A proposta ataca um dos principais problemas da morosidade ao transformar o processo de conhecimento e o de execução numa só ação. Ou seja, pode-se deixar de exigir que o cidadão ou a empresa tenham de entrar novamente na Justiça para cobrar dívidas já reconhecidas na fase processual em que se discute o mérito do direito. Muitas vezes a fase de execução é mais longa do que a de conhecimento.

Para o secretário de Reforma do Judiciário, Pierpaolo Cruz Bottini, trata-se do mais importante dos 26 projetos que compõem a reforma processual da Justiça. A proposta também prevê que a liquidação da sentença seja feita no processo de conhecimento e não mais em uma ação específica para o cálculo do quanto é devido. E permite ainda a liquidação provisória enquanto eventual recurso é discutido.

Segundo o advogado civilista Gabriel Seijo, as mudanças “alteram radicalmente a concepção de sistema do Código de Processo Civil de 1973, na tentativa de acabar com entraves à eficácia das decisões judiciais”.

Seijo aponta outro avanço da proposta no que diz respeito à celeridade: os Embargos à Execução, que hoje também são uma nova ação, são transformados em impugnação ao cumprimento da sentença, um incidente processual com natureza mais célere.

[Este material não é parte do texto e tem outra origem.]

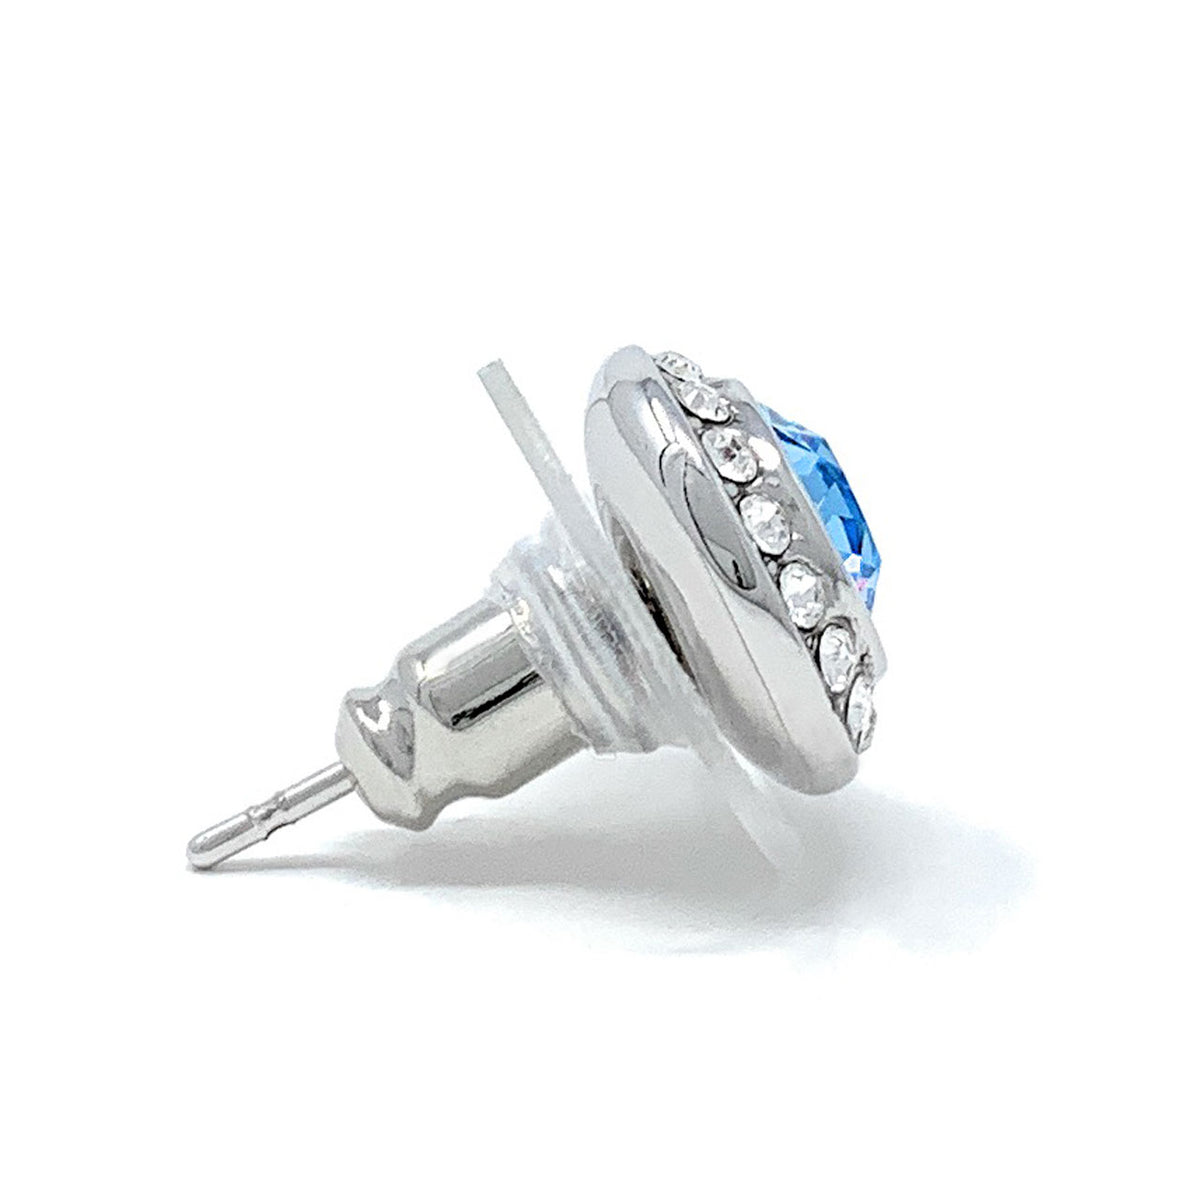 Halo Pave Stud Earrings with Blue Aquamarine Round Crystals from Swarovski Silver Toned Rhodium Plated - Ed Heart

A aprovação vem em boa hora. Estudos do Banco Mundial feitos junto aos órgãos judiciais de São Paulo apontam que a maioria dos processos de execução civil não chegam ao fim porque o credor não encontrou bens e desistiu da ação. A pesquisa destaca também que 48% dos processos de execução não passam da fase inicial, seja porque o credor não dá continuidade ou porque a Justiça não encontra o devedor para a citação.

Como aponta Gabriel Seijo, as mudanças não vão acabar com a patologia daqueles que usam a Justiça com má-fé para protelar o cumprimento de decisões e não surtirão os efeitos esperados sem que cartórios judiciais sejam dotados de infra-estrutura. Mas, juntas, as mudanças farão com que o cidadão não passe uma vida esperando para receber aquilo que a Justiça já reconheceu como direito.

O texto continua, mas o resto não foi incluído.